A project log for Personalized medicine

A website where oncologists can upload their patients' HLA types. They receive a list of peptides that may be used as a vaccine.

jean-pierre-le-rouzicJean Pierre Le Rouzic 01/15/2018 at 16:562 Comments

When scientists want to design a new vaccine against some disease they can use the old pathway: Use some weakened form of a pathogen to stimulate the body's immune system to recognize the agent as a threat, destroy it, and keep a memory of that pathogen, so that it can recognize and destroy it with much more efficiency if it  encounters it in the future.

It works because some peptides of the surface of the pathogen are recognized by the immune system. Those peptides are called epitopes.

Nowadays, scientists prefer to design a vaccine by designing a peptide which is similar to a given epitope. The main roadblock is that different people have different immune system "sentinels". Some of those sentinels that patrol tissues are called MHC, they are proteins that have on one side receptors tailored to recognize a peptide decorating a pathogen, and on the other side they can activate T-cells (a subtype of blood's white cells).

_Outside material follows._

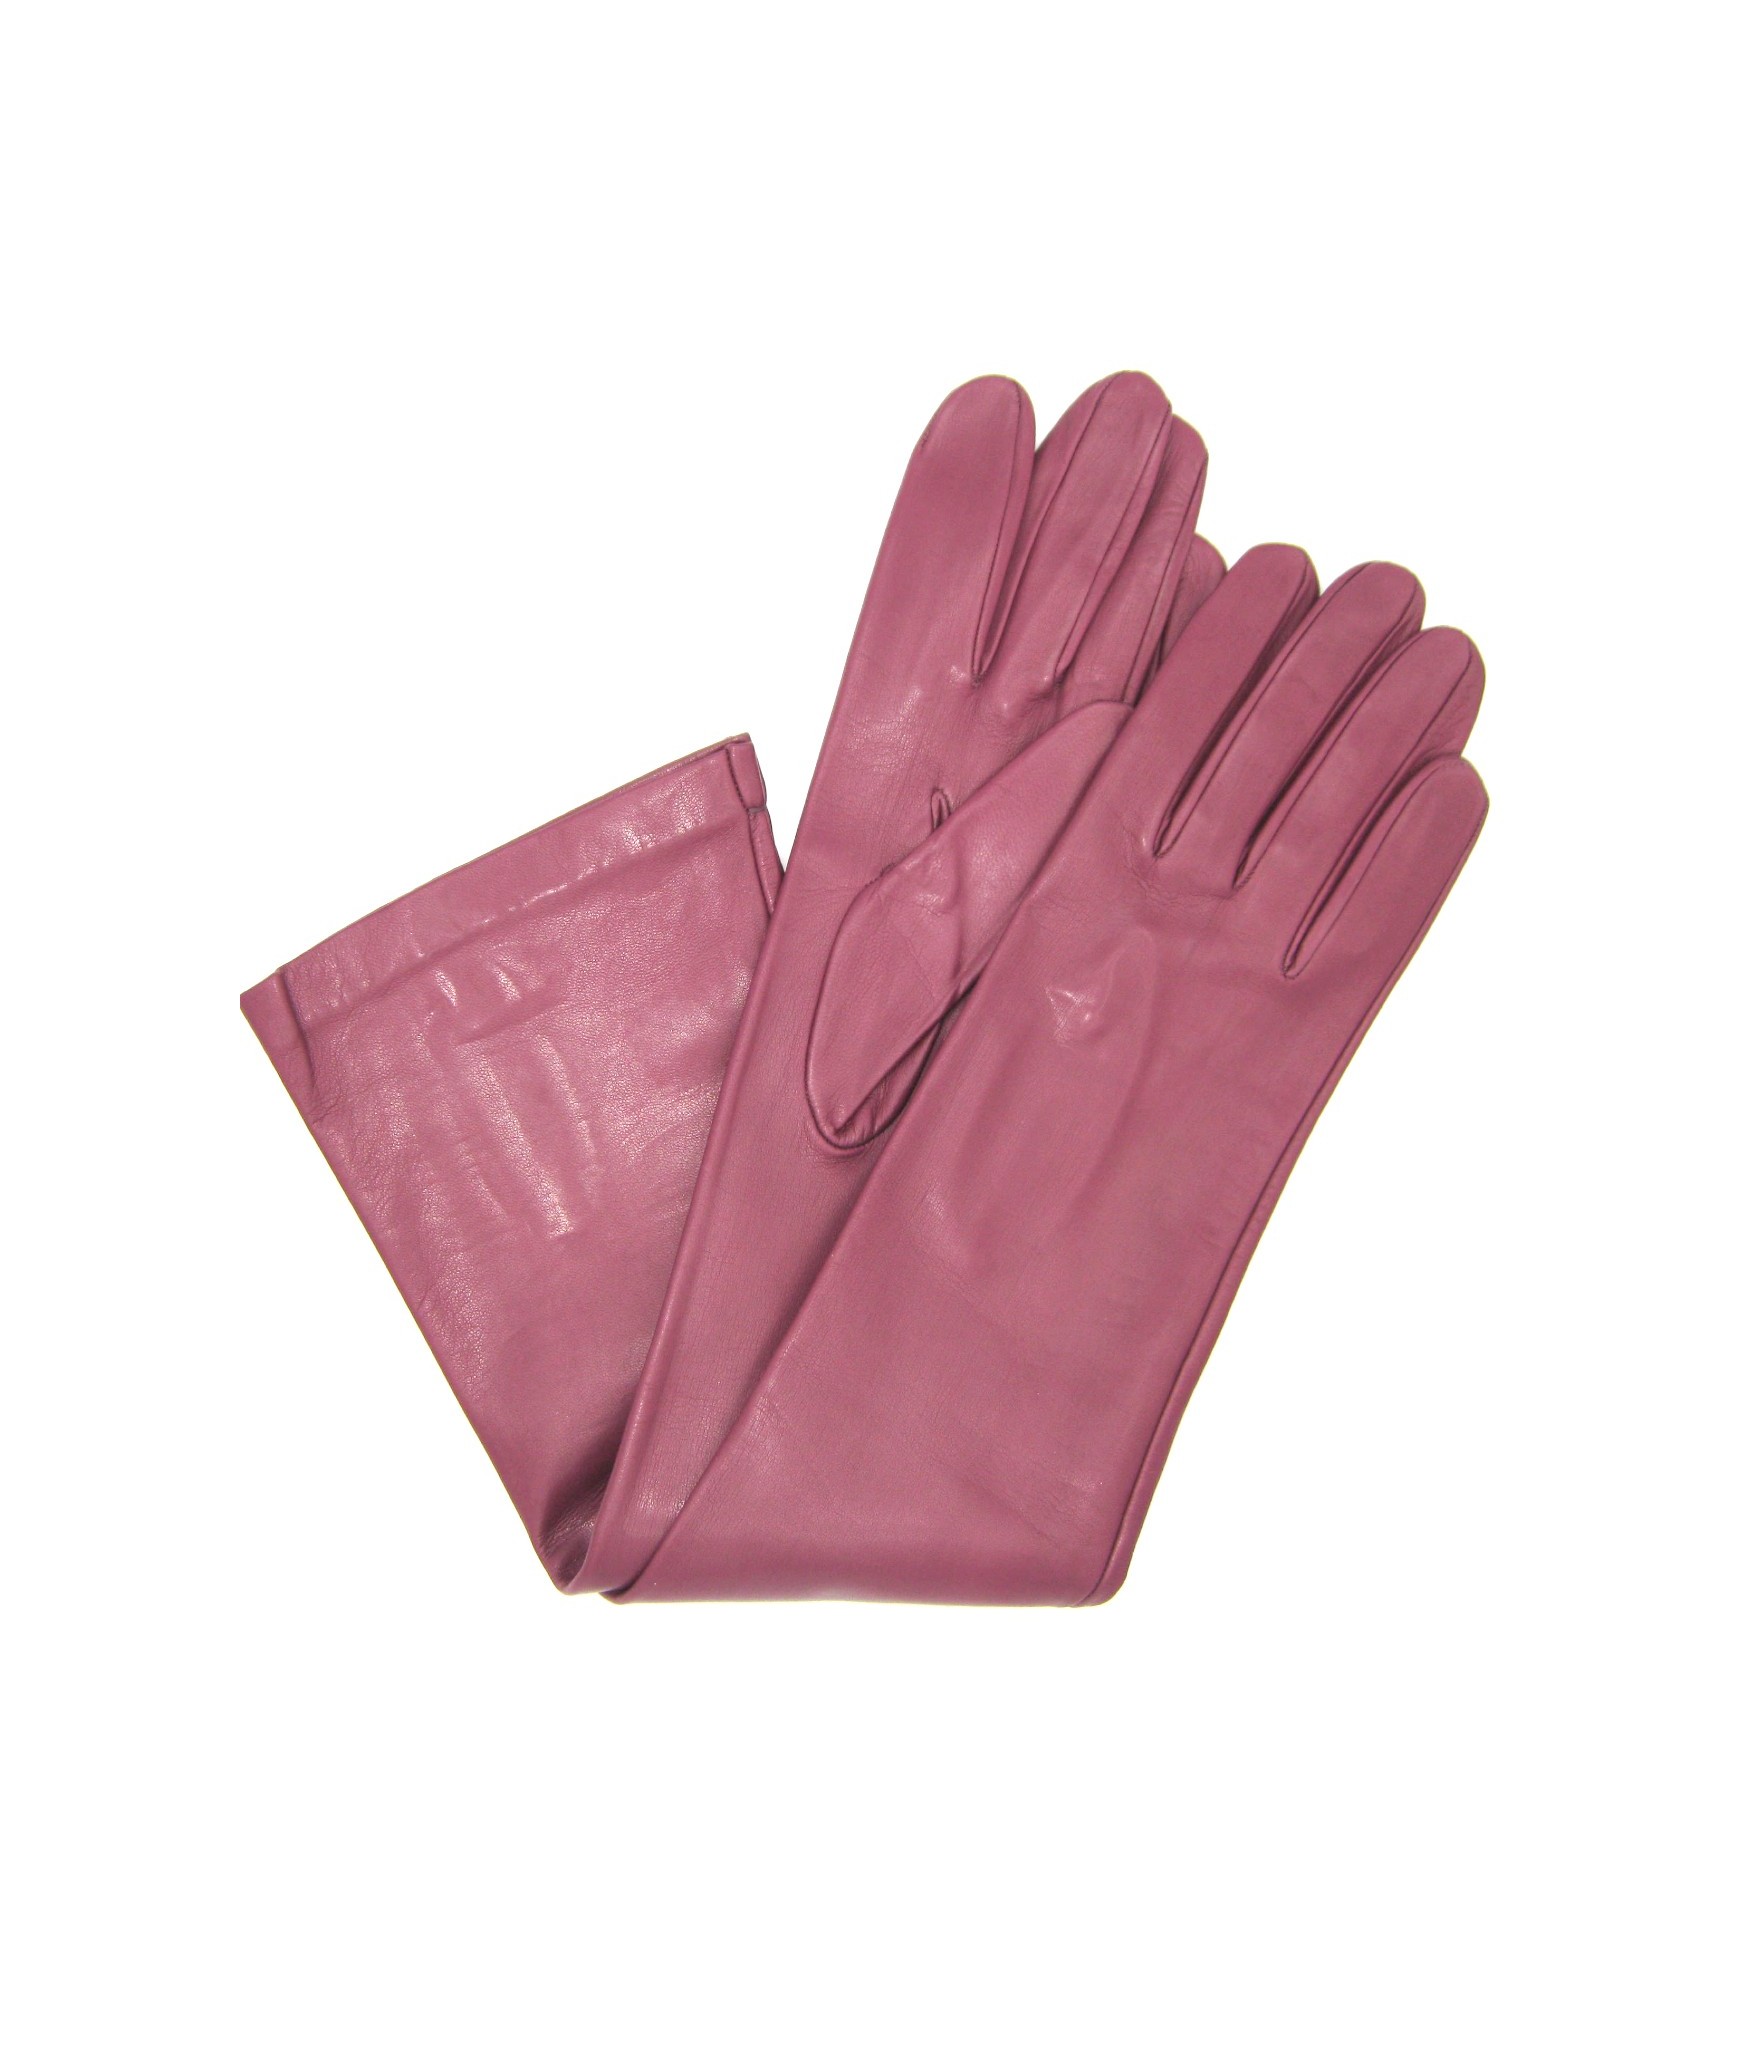 женщина Fashion Nappa leather gloves 10bt silk lined Magenta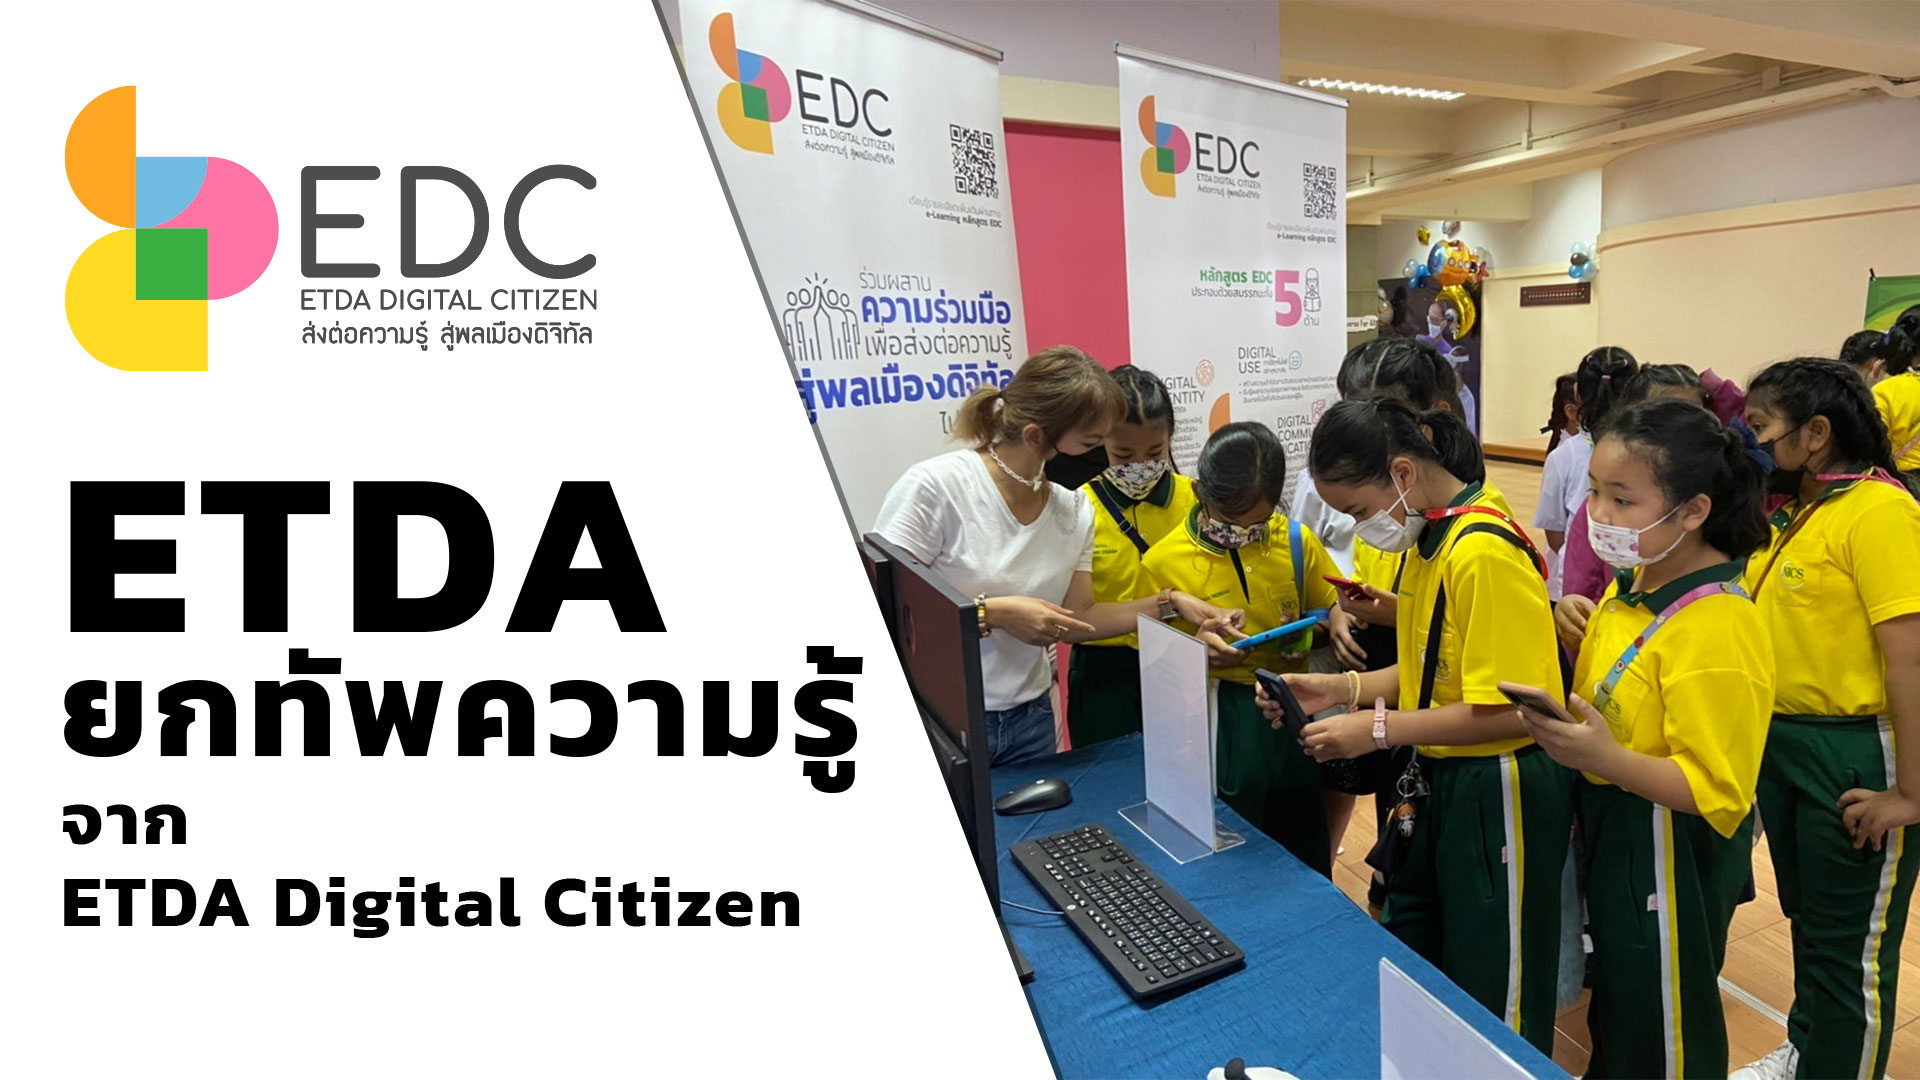 ETDA ยกทัพความรู้จาก ETDA Digital Citizen (EDC)  เสริมแกร่งการสร้างความตระหนักในการใช้อินเทอร์เน็ต และรู้เท่าทันสังคมออนไลน์ในยุคดิจิทัล แก่ชาวนครศรีธรรมราช

It exists many services that help scientists to design peptides for a given MHC type, for example: http://www.cbs.dtu.dk/services/NetMHC/

However it is quite complex to use. One problem is that one must seed NetMHC with another peptide in order to receive the prediction from NetMHC. the choice of this peptide is not trivial.

A much simplified service, tailored for cancer vaccines and still relying on NetMHC 4 is available here:

http://peptide.scienceontheweb.net/

PS: Indeed it is not enough to have this peptide to make a vaccine, one must add an adjuvant that will trigger the immune system, as the peptide most probably will be completely innocuous. The choice of the adjuvant and its administration is itself quite complex.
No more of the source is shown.